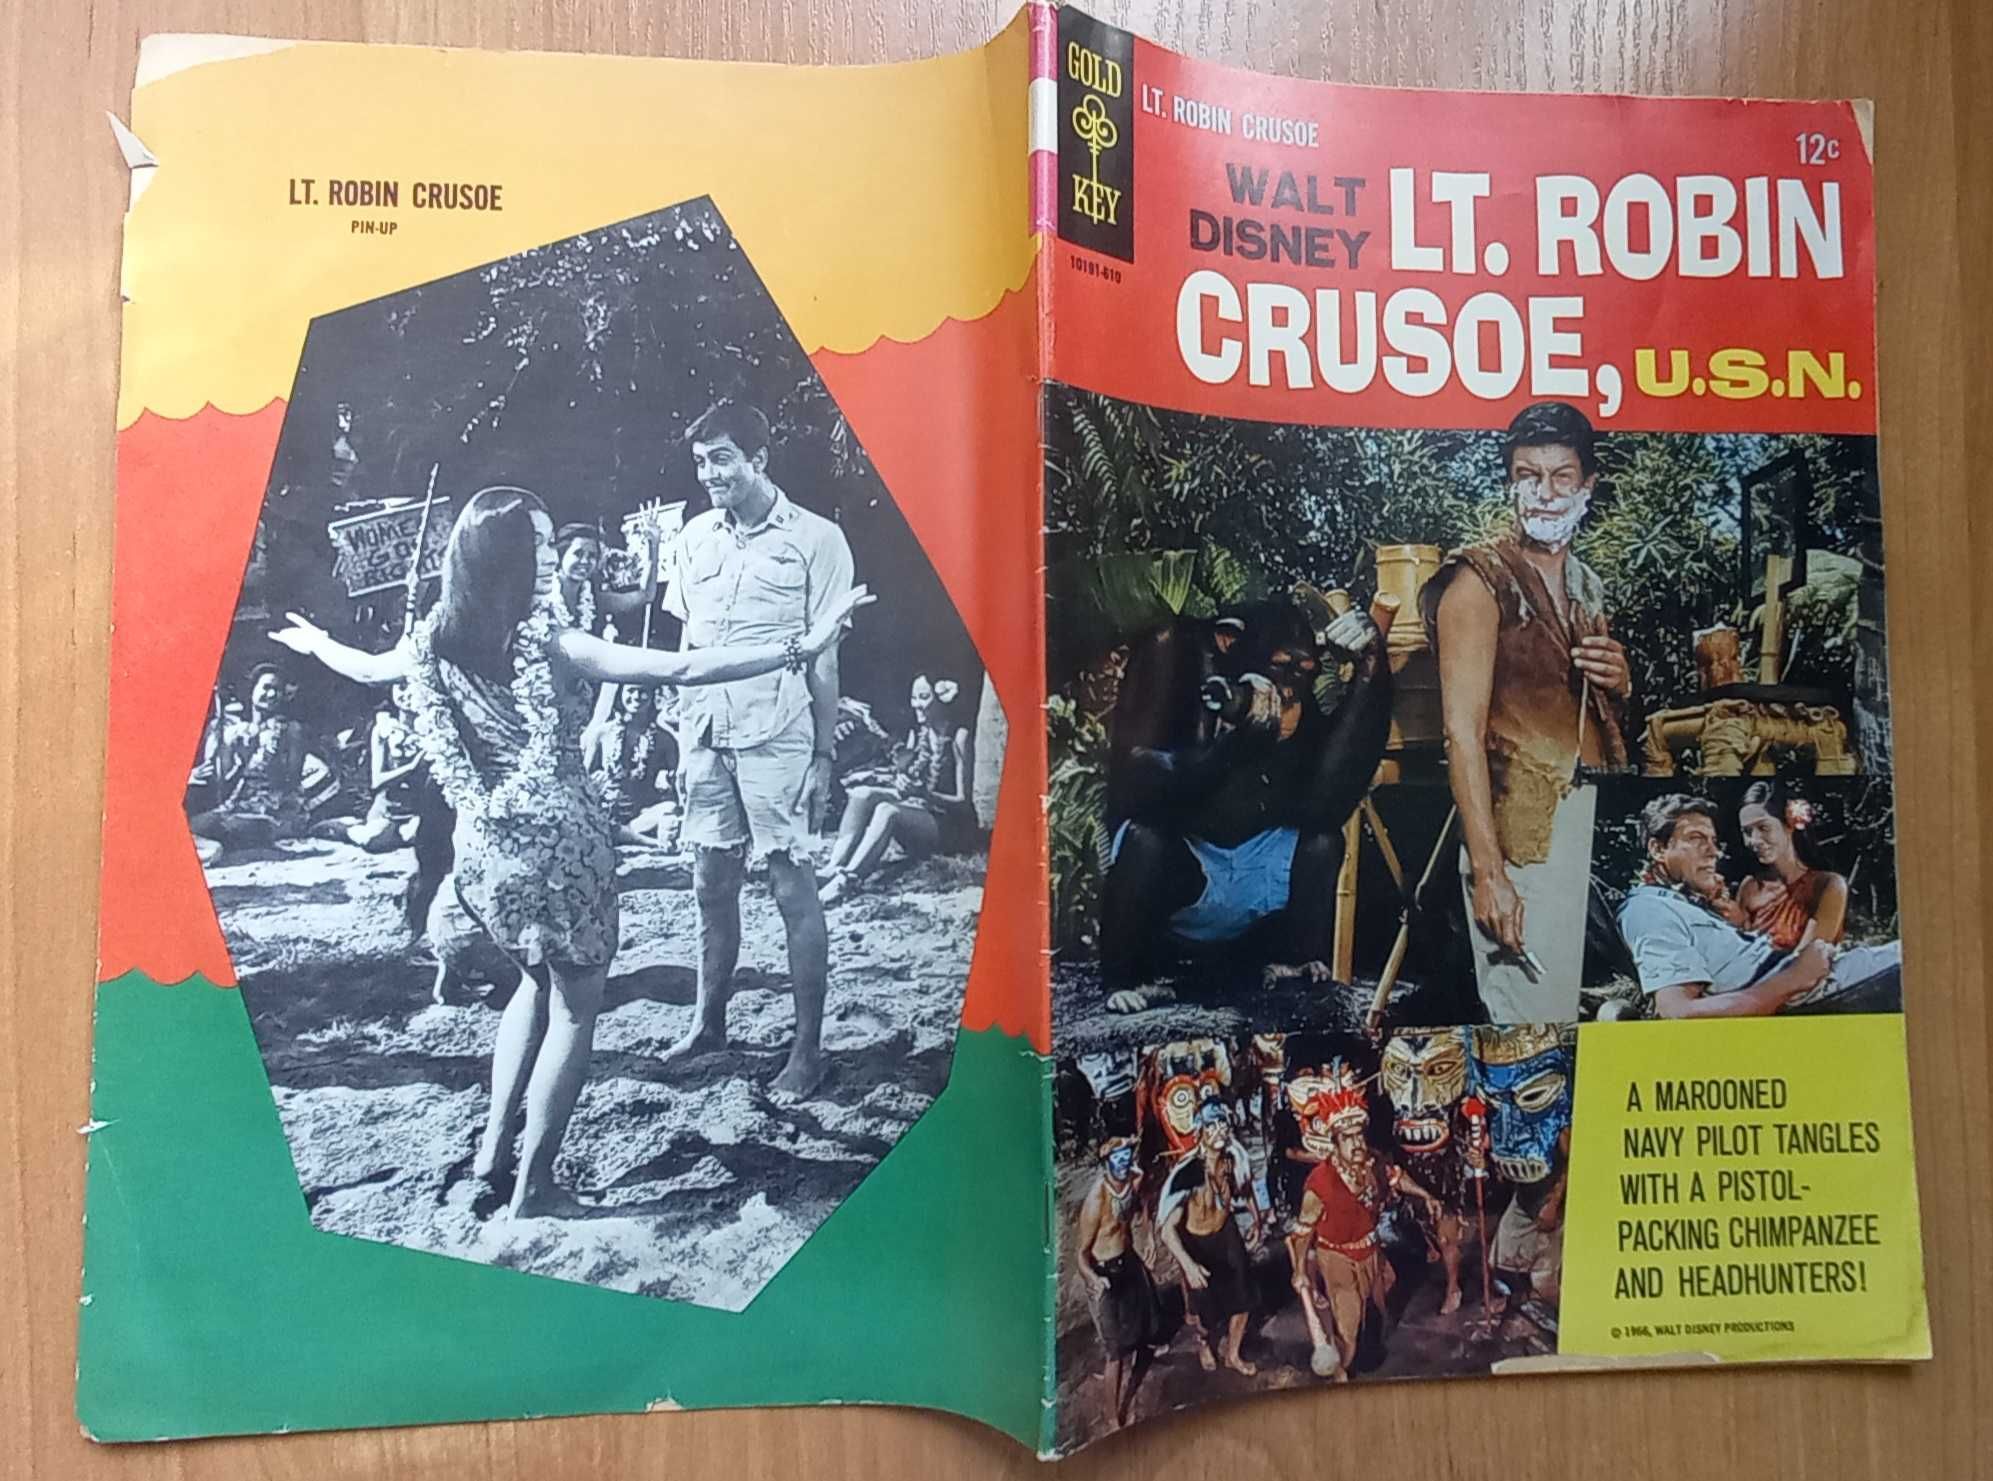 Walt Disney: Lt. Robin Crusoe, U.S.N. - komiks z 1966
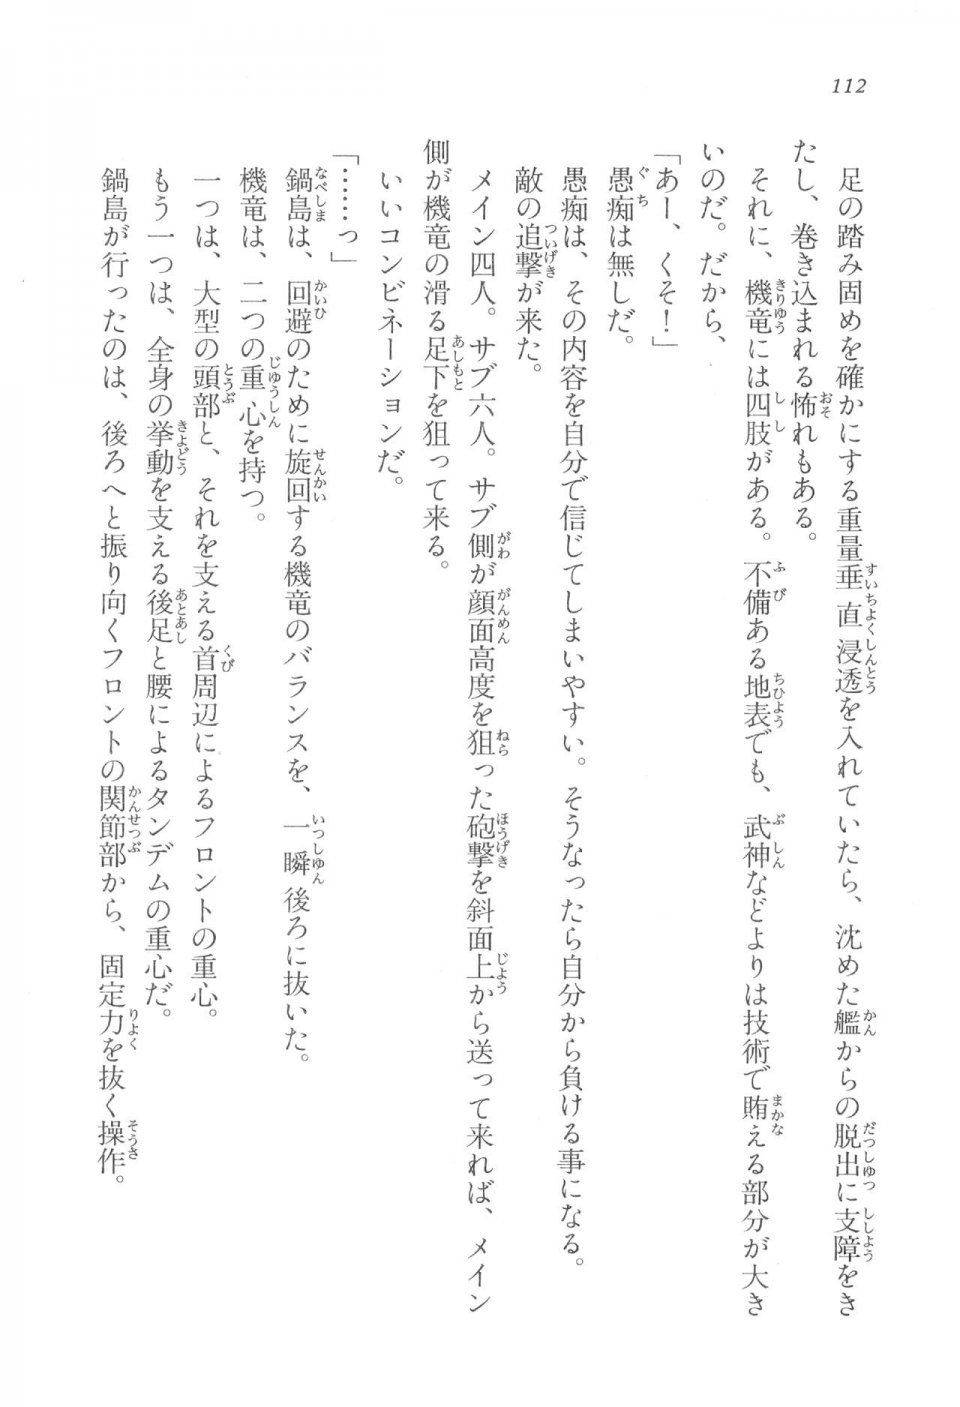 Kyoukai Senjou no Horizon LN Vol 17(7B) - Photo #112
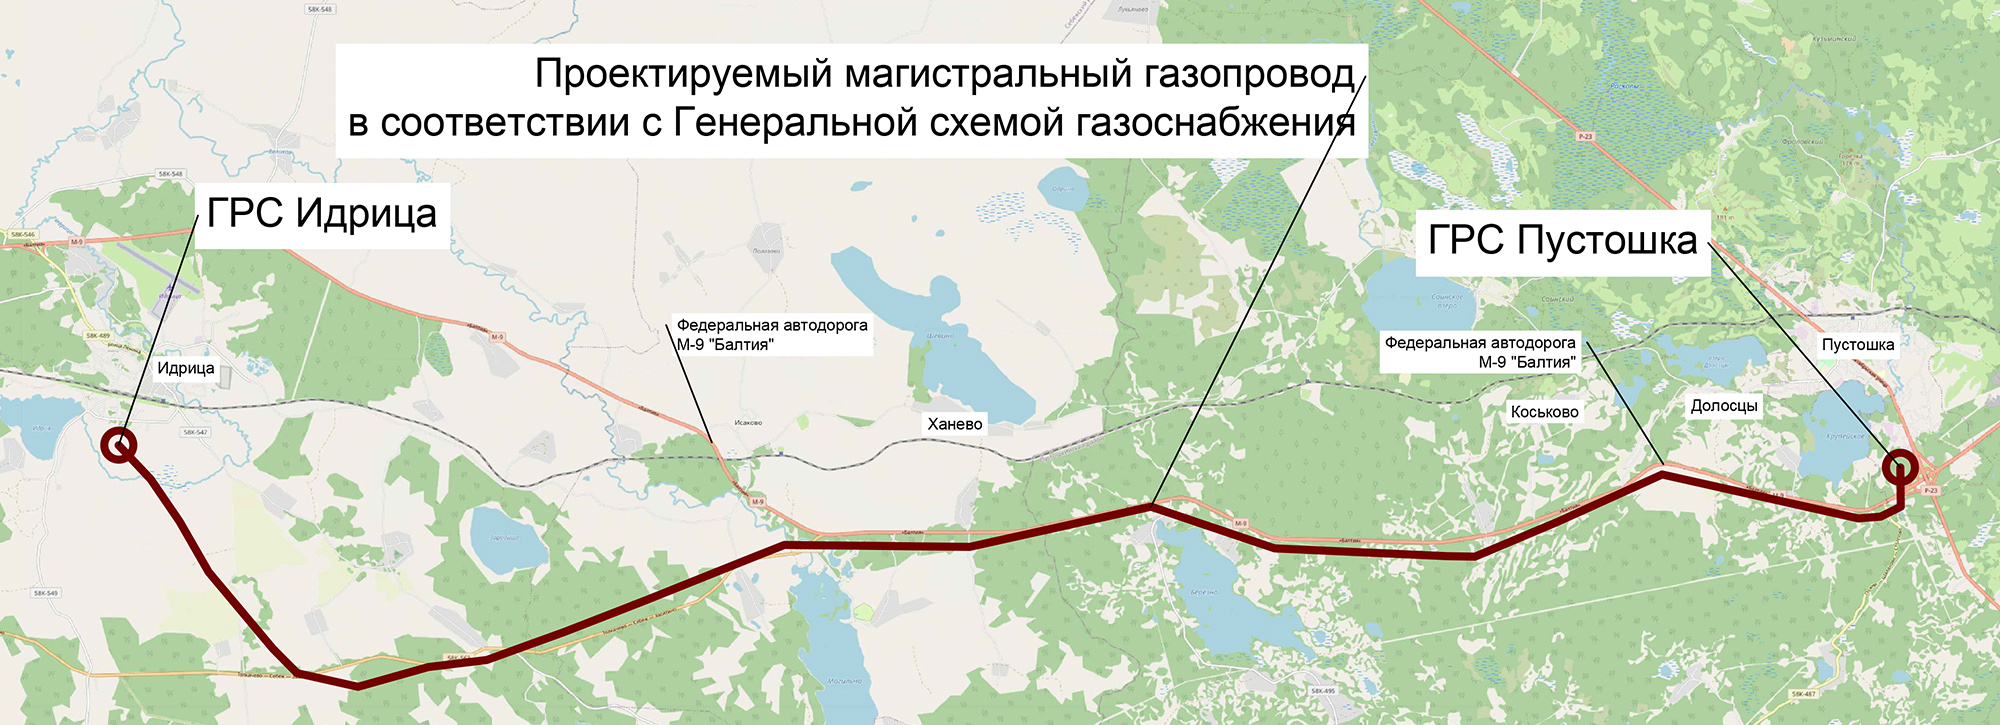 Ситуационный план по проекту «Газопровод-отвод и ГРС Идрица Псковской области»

# Try it
Copy out each line of the data exactly as it reads; skip the pictures.

# Response box
 Walt Disney: Lt. Robin Crusoe, U.S.N. - komiks z 1966
 Kyoukai Senjou no Horizon LN Vol 17(7B) - Photo #112
 Ситуационный план по проекту «Газопровод-отвод и ГРС Идрица Псковской области»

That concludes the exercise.